**Task description**. What is needed here is an exact repetition of the records below, beginning at the line that has "Box of avocados" and stopping after the line that has "a no bake sugar".

**Records for this exercise**.

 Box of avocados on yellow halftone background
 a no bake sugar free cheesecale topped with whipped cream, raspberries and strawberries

==

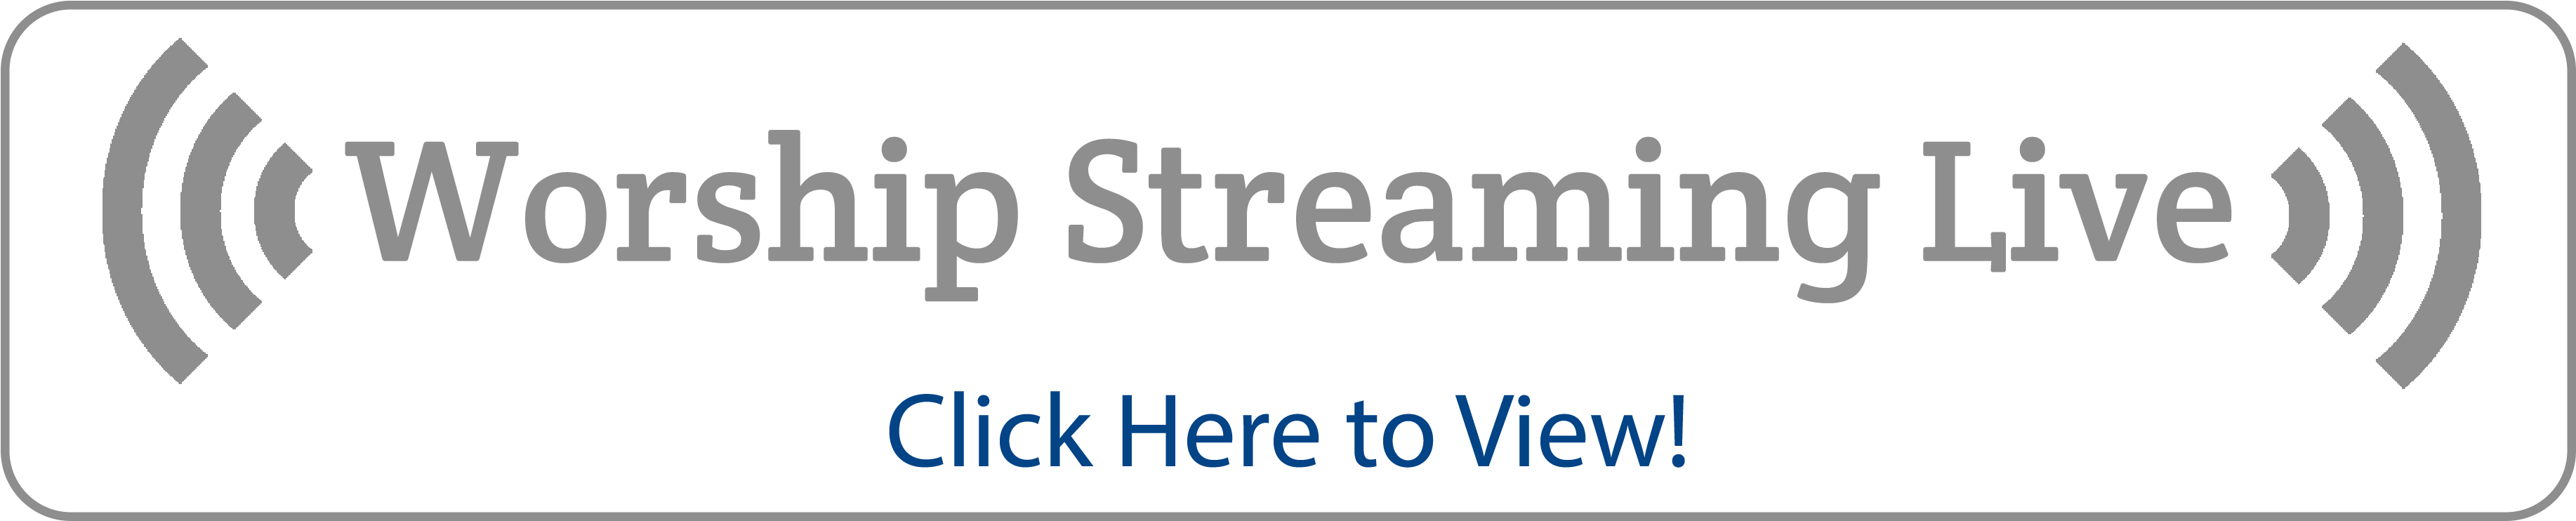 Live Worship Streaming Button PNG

---

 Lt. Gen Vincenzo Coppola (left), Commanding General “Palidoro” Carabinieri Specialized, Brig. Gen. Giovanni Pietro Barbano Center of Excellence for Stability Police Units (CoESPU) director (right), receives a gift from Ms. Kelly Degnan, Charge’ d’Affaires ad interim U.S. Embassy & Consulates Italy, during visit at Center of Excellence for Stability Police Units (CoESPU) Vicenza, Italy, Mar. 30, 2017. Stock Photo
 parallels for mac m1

**Exercise result**.
 Box of avocados on yellow halftone background
 a no bake sugar free cheesecale topped with whipped cream, raspberries and strawberries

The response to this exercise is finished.